Он ночной констебль, и раньше я учила его в воскресной школе.
– Это просто серенада для новобрачных, – сказала я, – а что такого?
– Я должен просить тебя прекратить этот шум.
– А мне не хочется прекращать.
– Ладно, Хелен, ты просто немного расстроена.
– Я зову его, зову, а он не выходит, – сказала я. – Я просто хочу, чтобы он вышел!
– Ну, будь паинькой и перестань сигналить.
– Я хочу, чтобы он вышел!
– Перестань, Хелен, больше не сигналь, ни звука больше.
– А ты заставишь его выйти?
– Хелен, я не могу заставить человека выйти из его собственного дома, если он не хочет.
– Я думала, ты представитель закона, Бадди Шилдс!
– Так и есть, но закон тоже не всесилен. Если ты хочешь с ним увидеться, почему бы тебе не прийти днем и не постучать в дверь тихо-мирно, как и положено приличной даме?
– Он женился, если ты вдруг не знаешь.
– Ну, Хелен, он женат, и это так же верно, как и то, что ночь на дворе.

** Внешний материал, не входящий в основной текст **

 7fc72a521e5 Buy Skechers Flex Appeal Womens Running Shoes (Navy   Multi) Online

– Предполагается, что это забавно?
– Нет, предполагается, что это правда. А теперь, может, ты подвинешься, а я отвезу тебя домой? Глянь-ка, окна засветились. Грейс Бичер на нас смотрит, и Холмсы окна пораскрывали. Ты же не хочешь дать им повод для пересудов, а?
– Они все равно только и делают, что болтают, какая разница – обо мне или не обо мне?

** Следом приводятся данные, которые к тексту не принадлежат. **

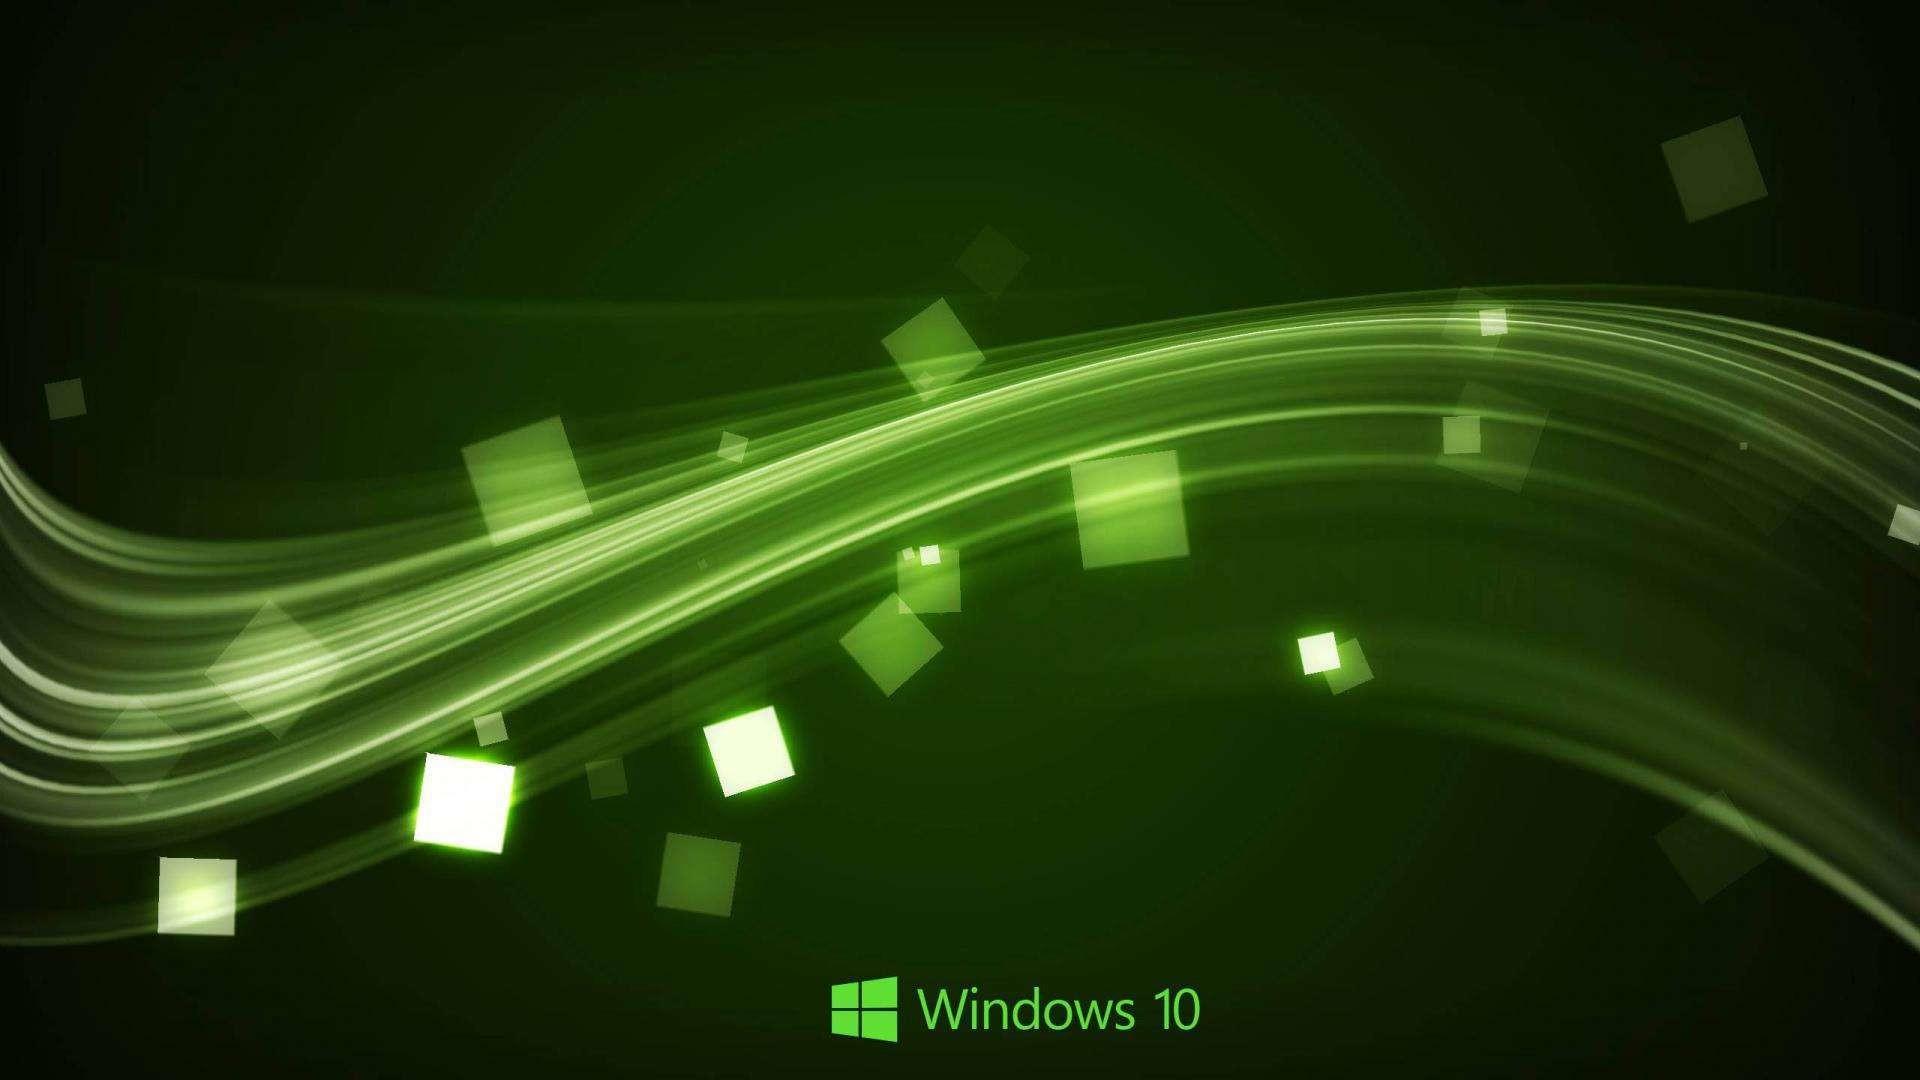 Wallpaper: Windows 10 Hd Wallpaper 1080p. Upload at June 9, 2015 by .

Бадди Шилдс выпрямился и чуть отодвинулся от окна машины, и я увидела, как кто-то в черном идет через лужайку Маккуарри, и это был Клэр. Он был не в халате или пижаме, ничего такого, он был полностью одет: рубашка, пиджак и брюки. Он шел прямо к машине, а я сидела в ожидании, что я ему скажу. Он ничуть не изменился. Толстый, спокойный мужчина с заспанной физиономией. Но под его взглядом, его всегдашним добродушным взглядом мне сразу расхотелось плакать или орать. Я могла сколько угодно, до посинения орать и плакать, но его взгляд от этого ничуть бы не изменился, это не заставило бы его встать с постели чуть быстрее или прибавить шагу, проходя через двор.
– Хелен, езжай домой, – сказал он, как будто мы весь вечер просидели с ним перед телевизором и все такое и теперь пора домой, в постельку. – Мамуле большой привет от меня, – прибавил он. – Езжай домой.
И это все, что он хотел сказать. Он посмотрел на Бадди и спросил:
– Вы ее отвезете?
И Бадди сказал, что да. А я смотрела на Клэра Маккуарри и думала: вот человек, который сам по себе. Его не слишком заботило, что я чувствовала, когда он делал то, что он делал, лежа на мне сверху, и ему было почти безразлично, какой гвалт я устроила посреди улицы из-за его женитьбы. Это был человек, который ничего не объяснял, – наверное, у него просто не было объяснений. А если он не мог что-то объяснить, что ж, он просто забывал об этом. Сейчас все соседи глазеют на нас, а назавтра он встретит их на улице и расскажет им какой-нибудь анекдот. А как же я? Наверное, встретив меня на улице как-то раз, он просто спросит: «Как поживаешь, Хелен?» И тоже расскажет мне анекдот. И если бы я по-настоящему задумывалась о том, каков он, Клэр Маккуарри, если бы я хоть раз обратила внимание, я бы совсем иначе вела себя с ним и, может быть, мои чувства к нему были бы иными, но, бог знает, имело бы это хоть какое-то значение в конце концов или нет?